Stored data:
■ ■ ■ ■ ■

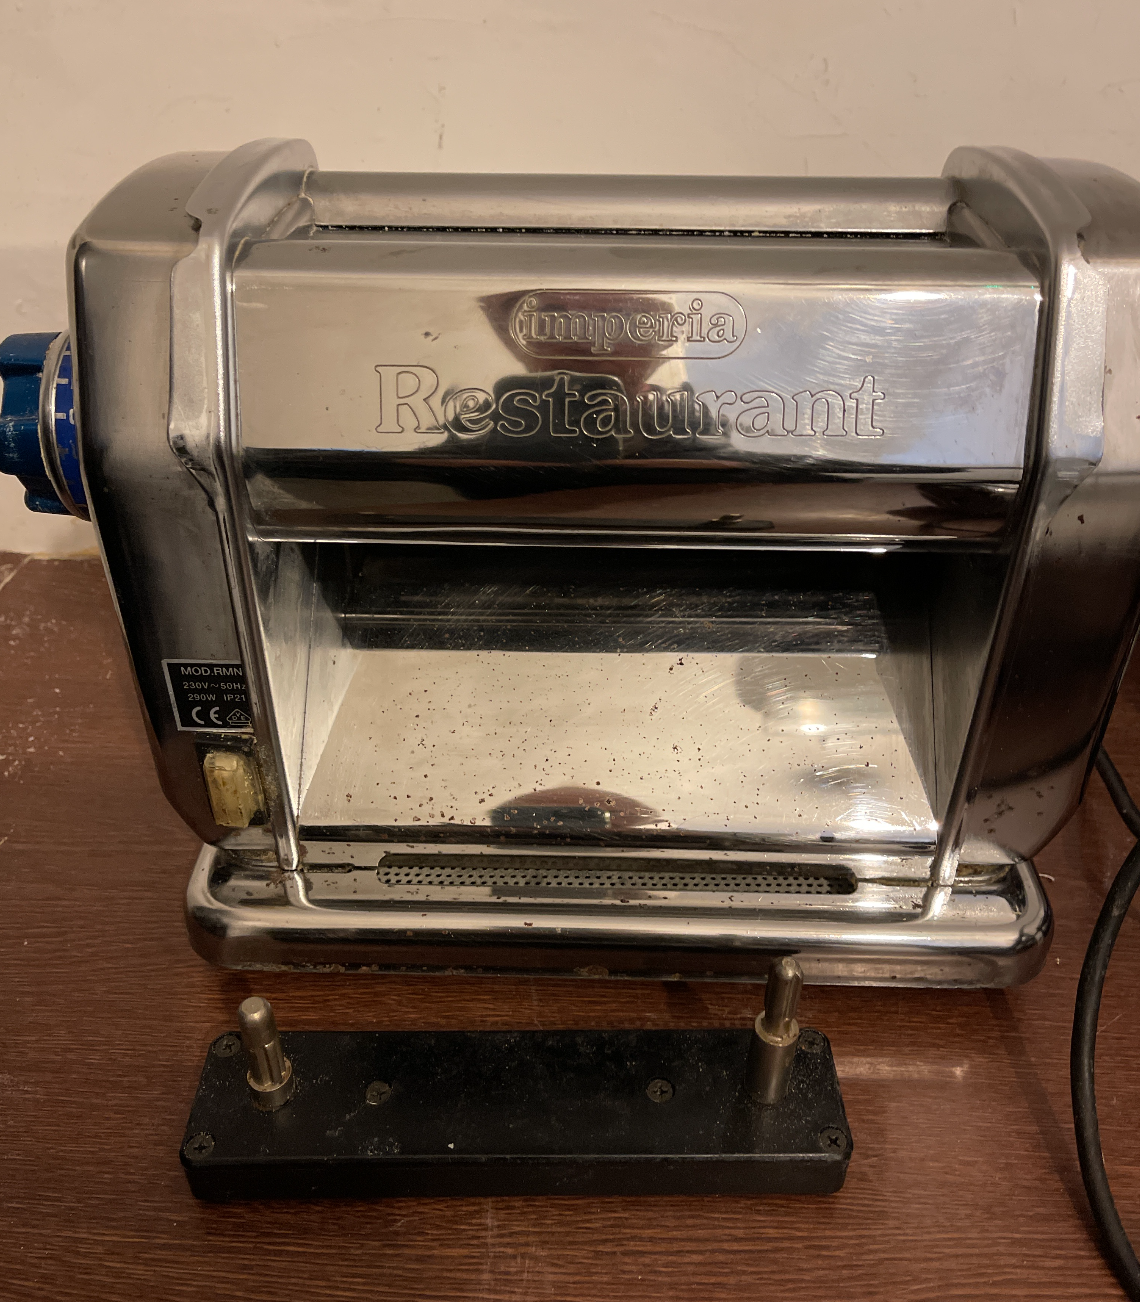 https://for-sale.used-secondhand.co.uk/media/secondhand/images/76609/imperia-restaurant-electric-machine/pasta-maker-for-sale-665.png
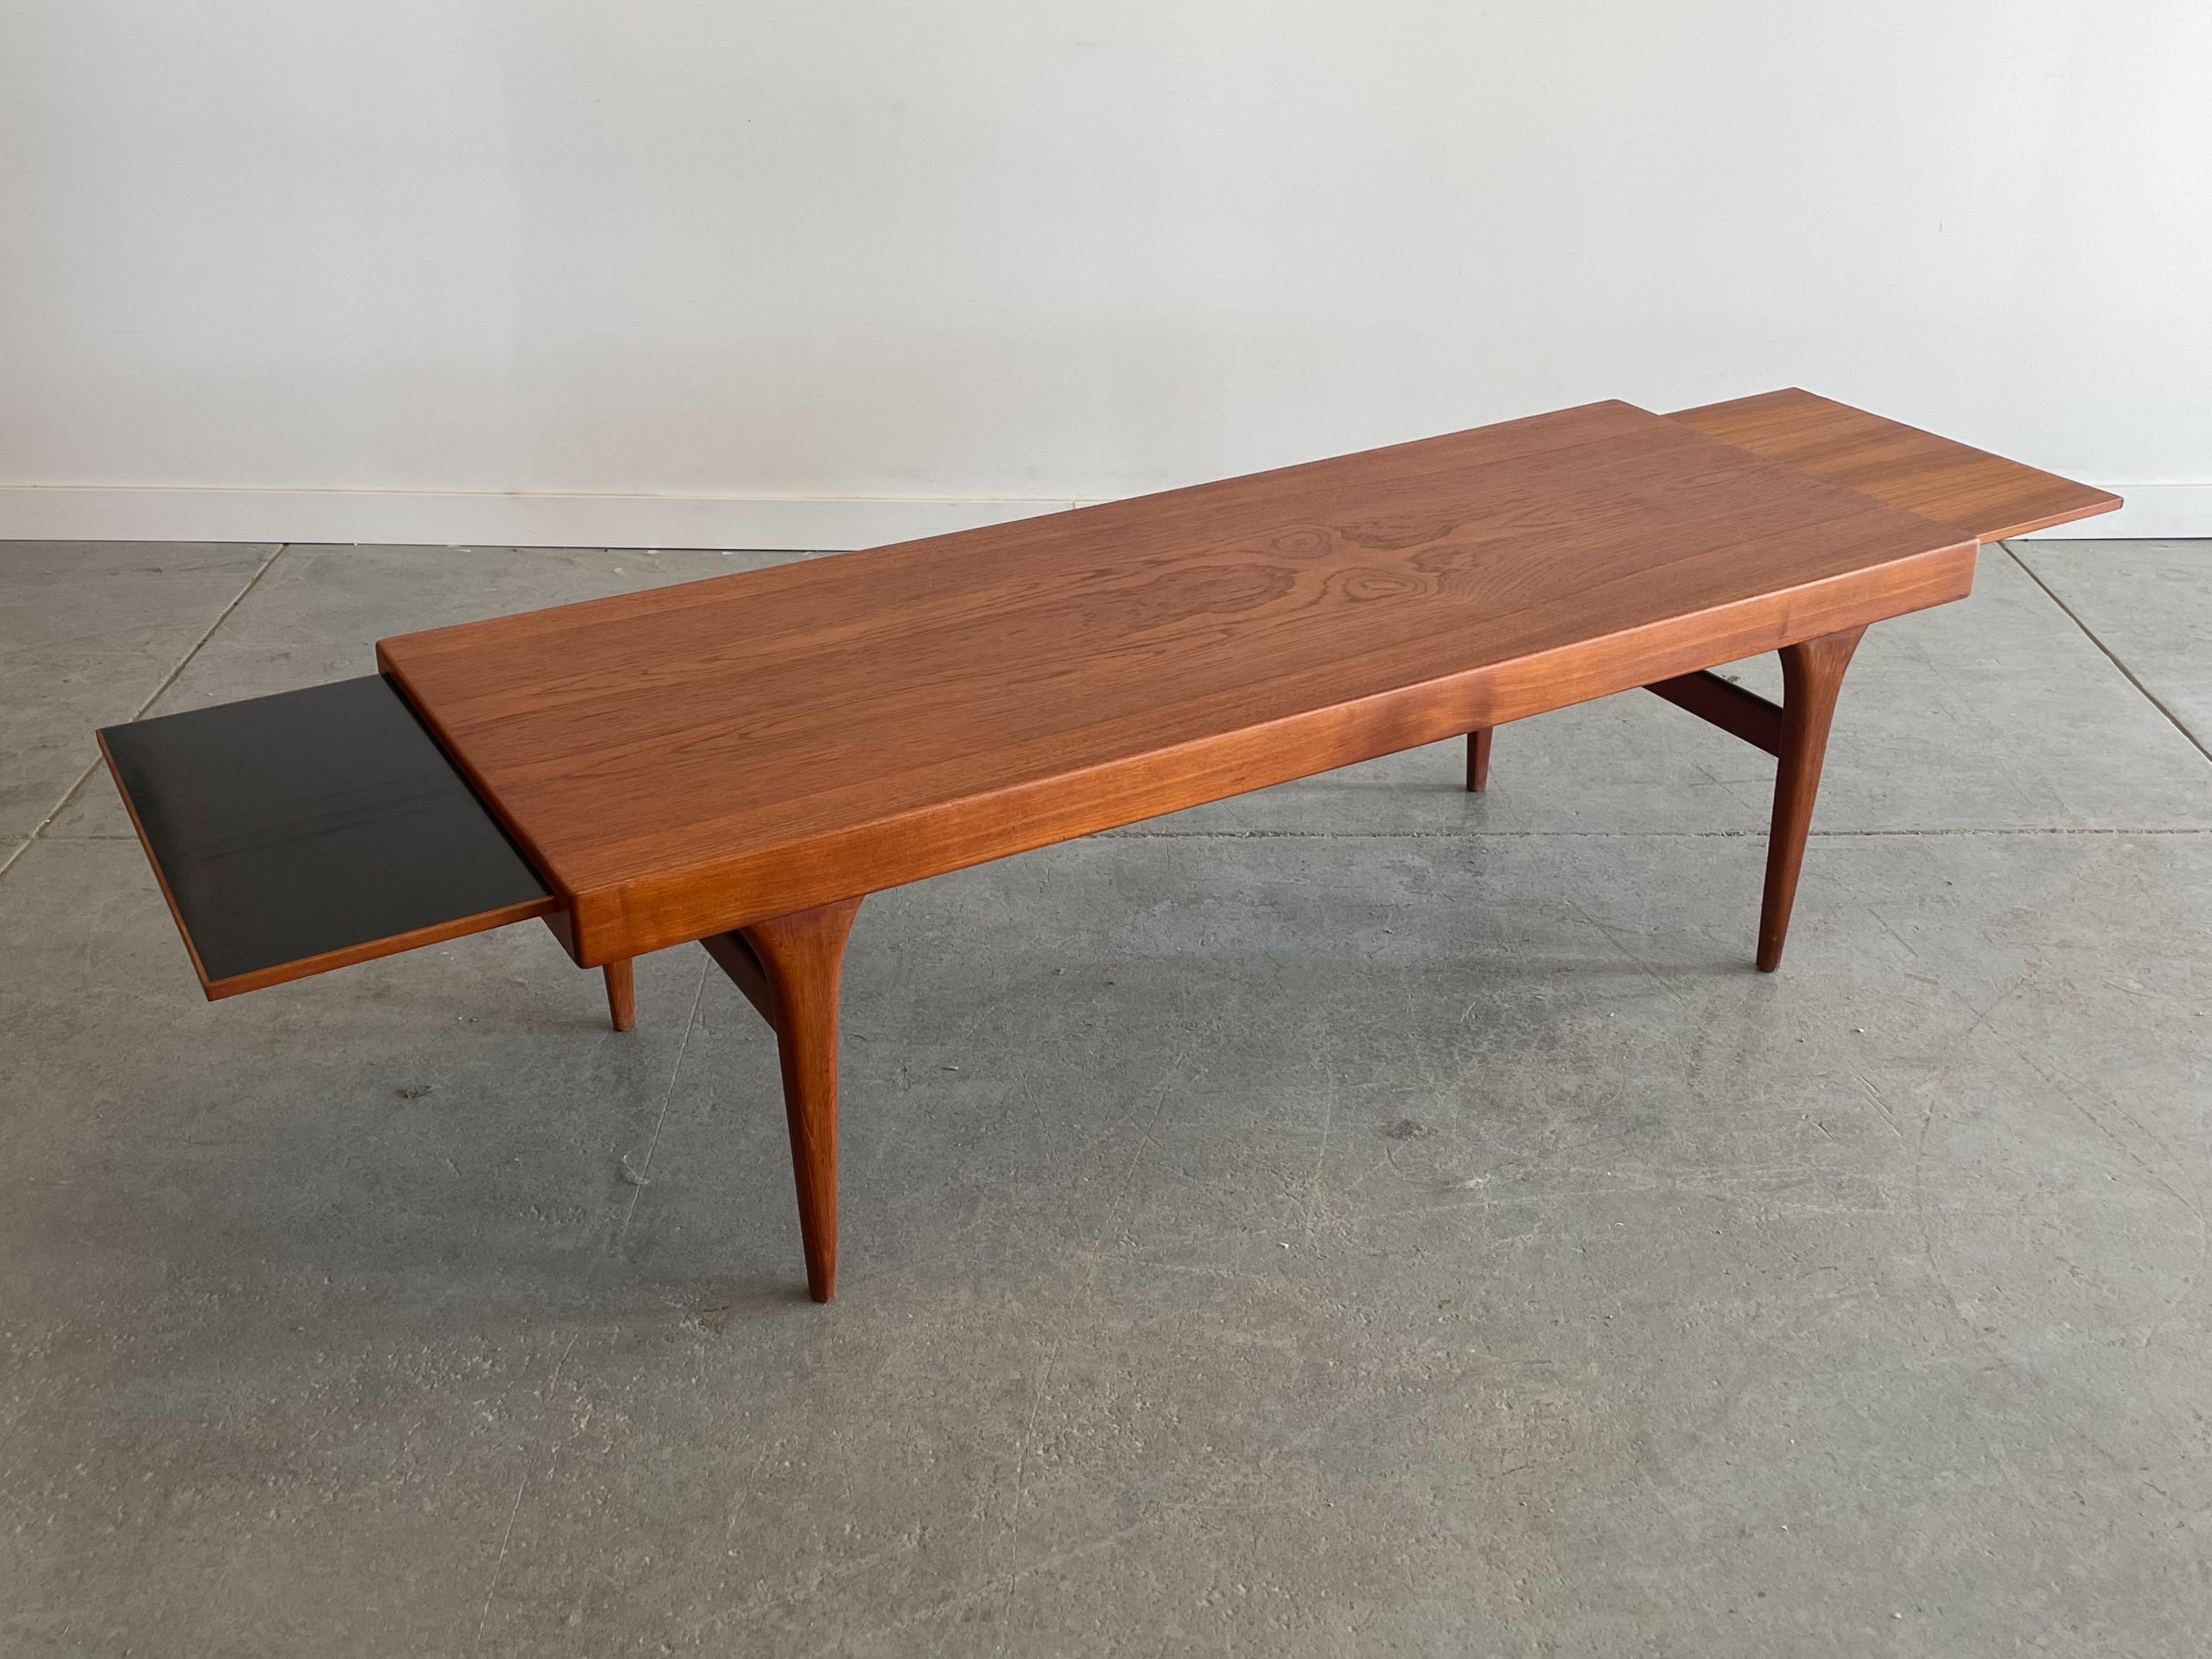 Stunning expanding teak coffee table designed by Johannes Andersen for CFC Silkeborg, Denmark. This piece features sculpted teak legs, a thick profile top, and nicely contoured pulls that reveal expanding surfaces (one laminated, one teak) either
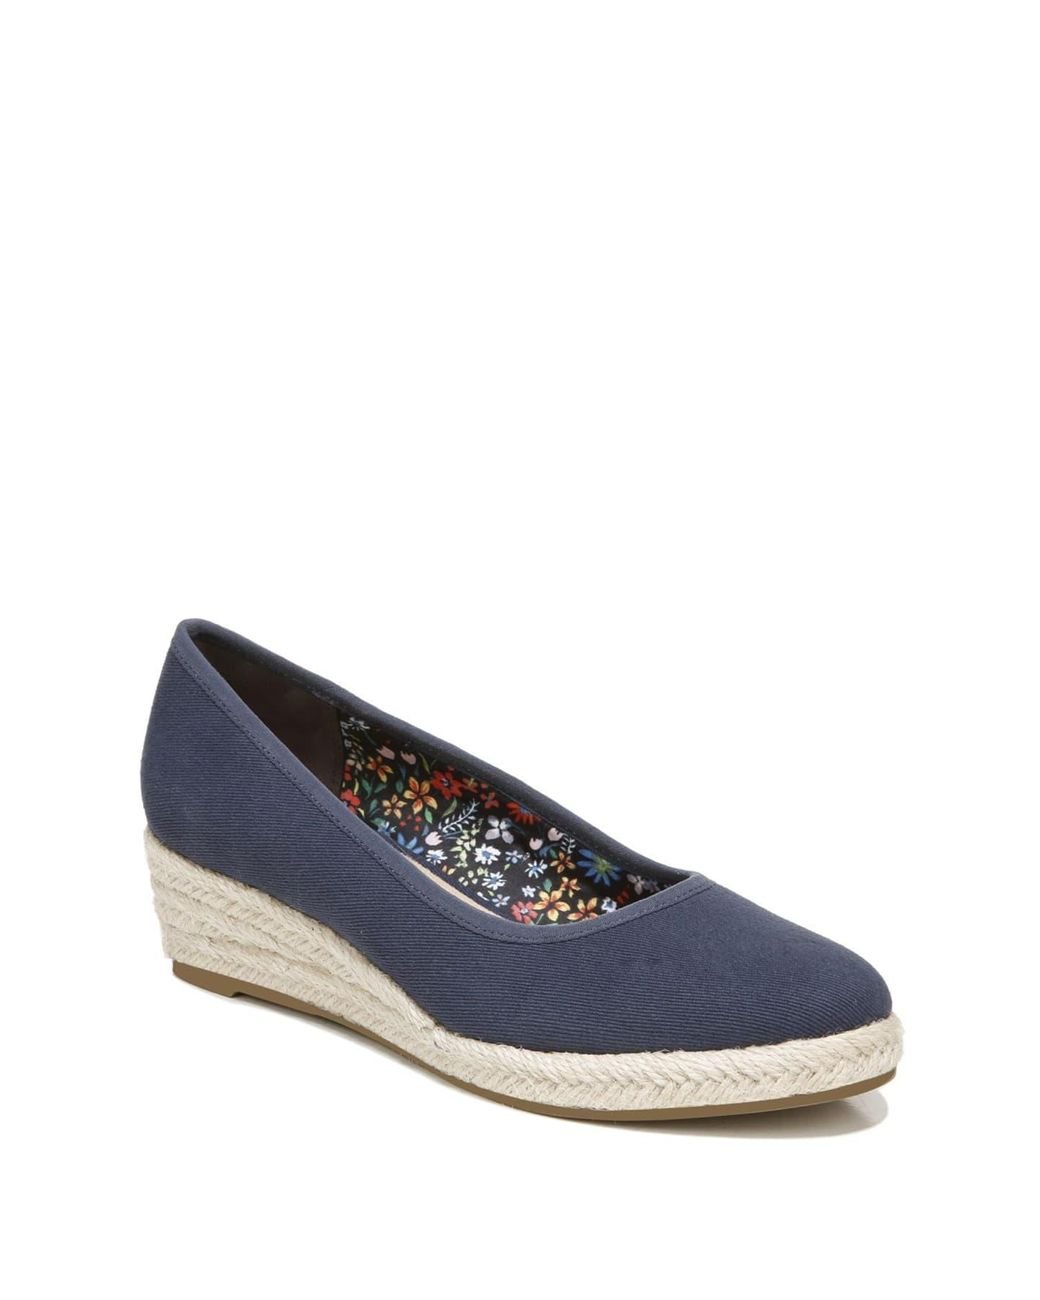 LifeStride Synthetic Karma Espadrille Wedge Flat in Navy (Blue) - Lyst

■ ■ ■ ■ ■

About this task:
For this exercise, output only the lines from the one bearing "Stunning expanding teak" to the end of the material above, exactly as written, with pictures left out.

Your solution:
 Stunning expanding teak coffee table designed by Johannes Andersen for CFC Silkeborg, Denmark. This piece features sculpted teak legs, a thick profile top, and nicely contoured pulls that reveal expanding surfaces (one laminated, one teak) either
 LifeStride Synthetic Karma Espadrille Wedge Flat in Navy (Blue) - Lyst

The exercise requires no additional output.